Okay, read what you've said again. You've worked hard to become your own man. That is great. Every man needs to be his own man. The detaching process is gool. But here's your problem.....you've been doing it as a ploy to get her back. So, if she doesn't respond like you hope......then your changes will go down the toilet?
That is exactly what will happen if you're not making those types of changes for YOURSELF and no other person. If they are for her.....and if the M was to R, the changes wouldn't last a month! It has to be for you and it has to be for life.
It is not about what you feel should work in your M. It is about doing the work that gets the right results. Do what works!
That is exactly what will happen if you're not making those types of changes for YOURSELF and no other person. If they are for her.....and if the M was to R, the changes wouldn't last a month! It has to be for you and it has to be for life.
I know that for me, most of my changes were extremely difficult to make; took a huge amount of thought and pain and perseverance. So the idea of backsliding is horrifying.
Our last meeting was very civil. I was able to be upbeat and chipper even though I totally don't want to be doing this divorce. Strangely, I think is kind of where DB wants me to be right now. I'm not acting out of desparation, I'm not clinging tighter...I feel more confident about standing alone and I feel myself returning back to the confident, decisive man I was before we were married.

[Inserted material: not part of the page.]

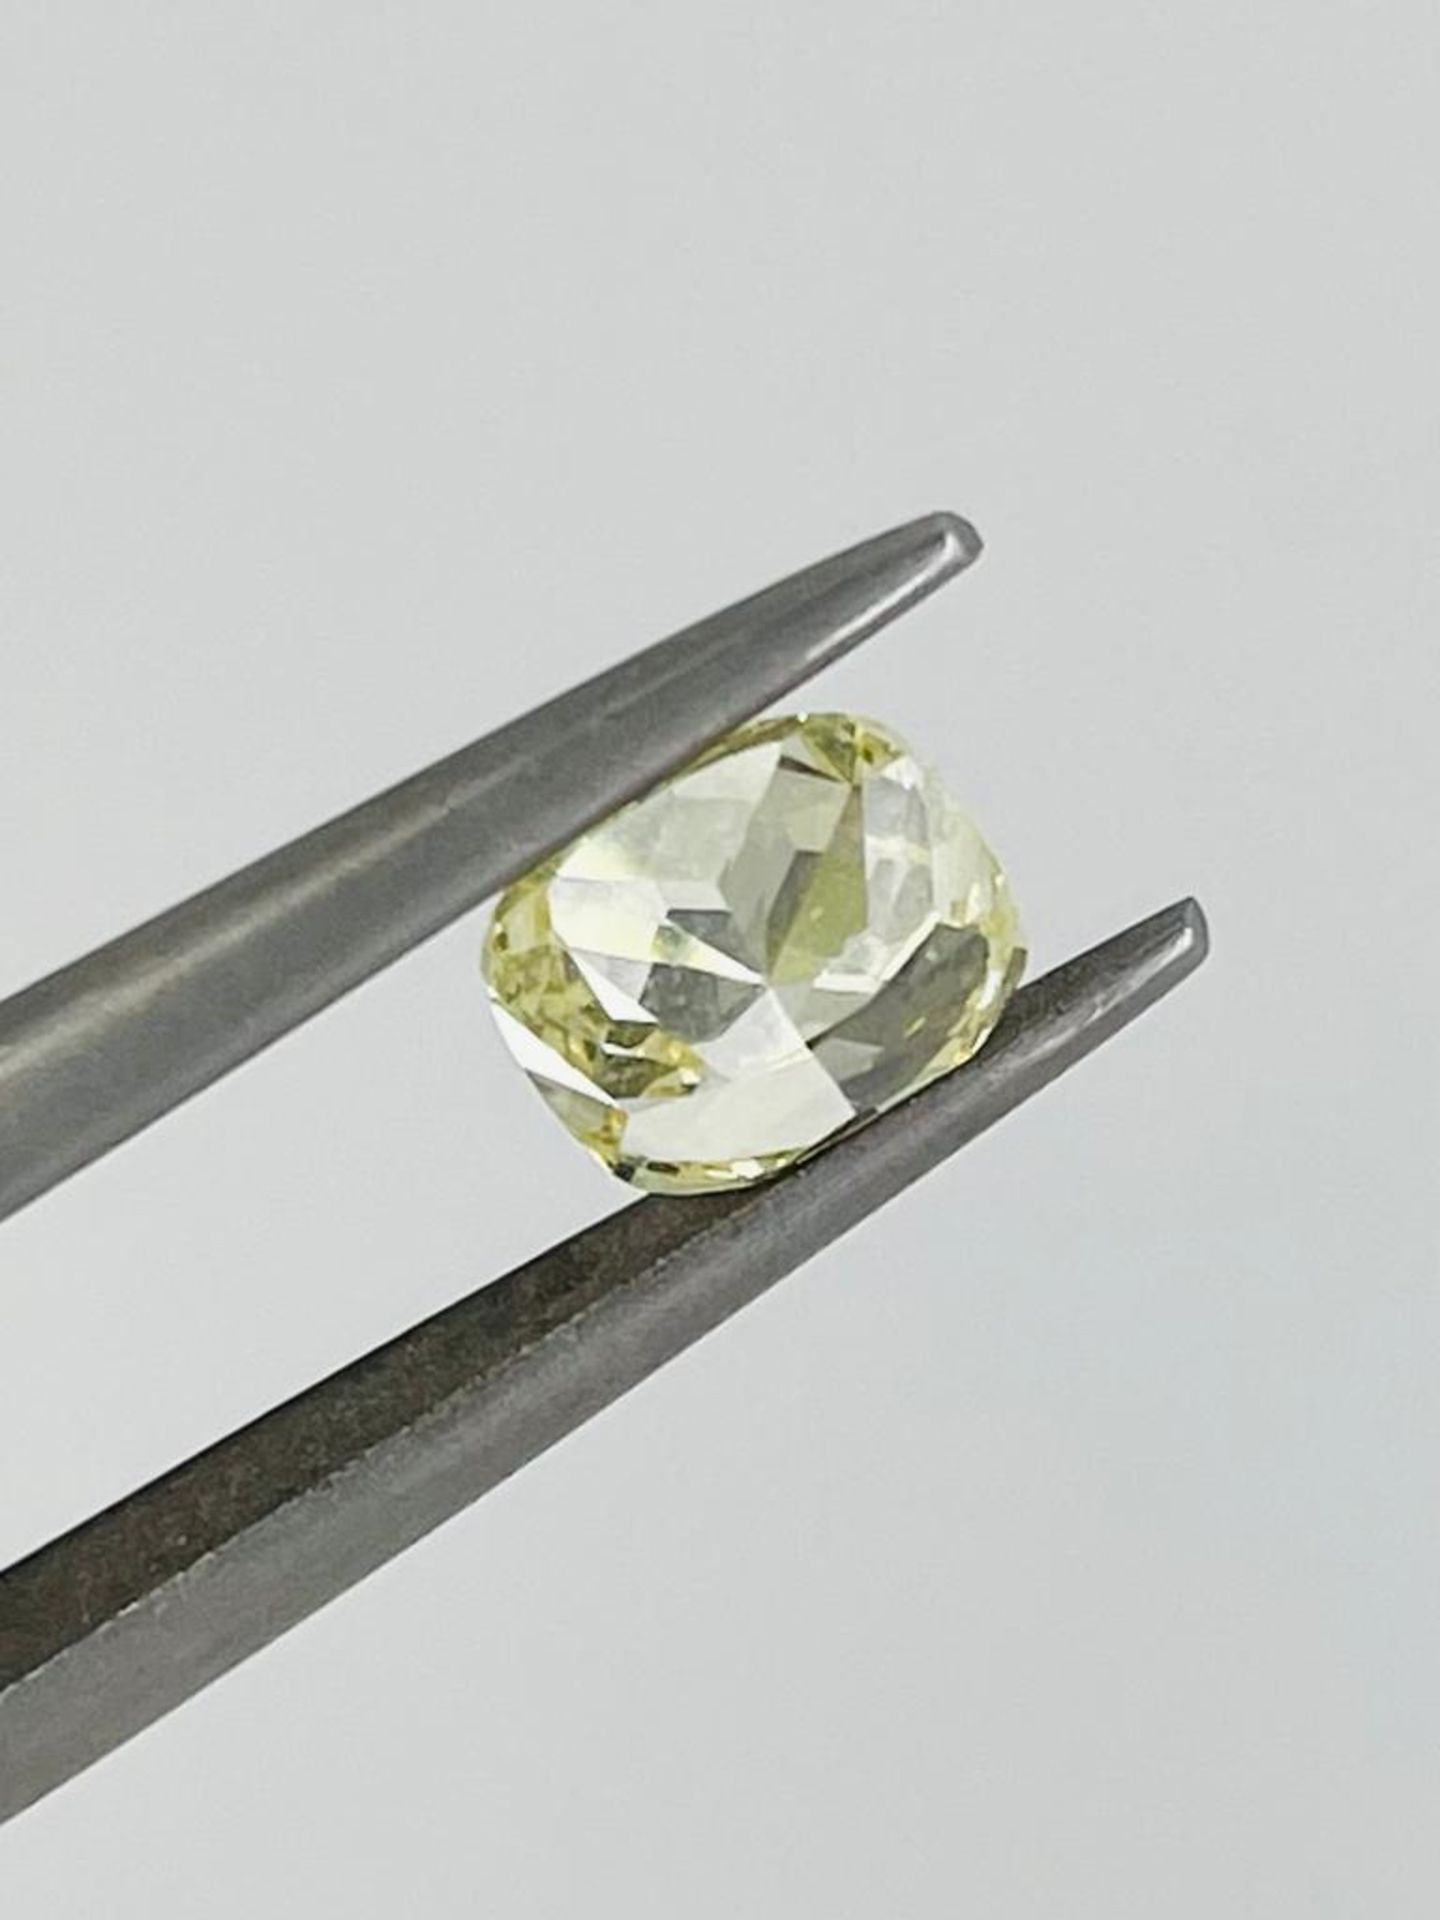 1 DIAMOND 1,05 CT N.F.YELLOW EVEN - VS2 - SHAPE CUSHION - CERTIFICATION GIA - AM20716 - Image 3 of 5

We were able to get most of our stuff divided up without incident and I was able to wish her well on her grad school visits coming up this weekend. I honestly do want her to enjoy it if that is what she wants to do, regardless of our M status. All that is left is really to get an appraisal on the house.
I think she is noticing the changes in me. What is more important is that I am noticing the changes in me for the first time in a long time, I feel more secure in myself and am unearthing myself from years of learned co-dependence. Thinking purely of what I need for myself (and I don't have children, so that is ok...) is very freeing.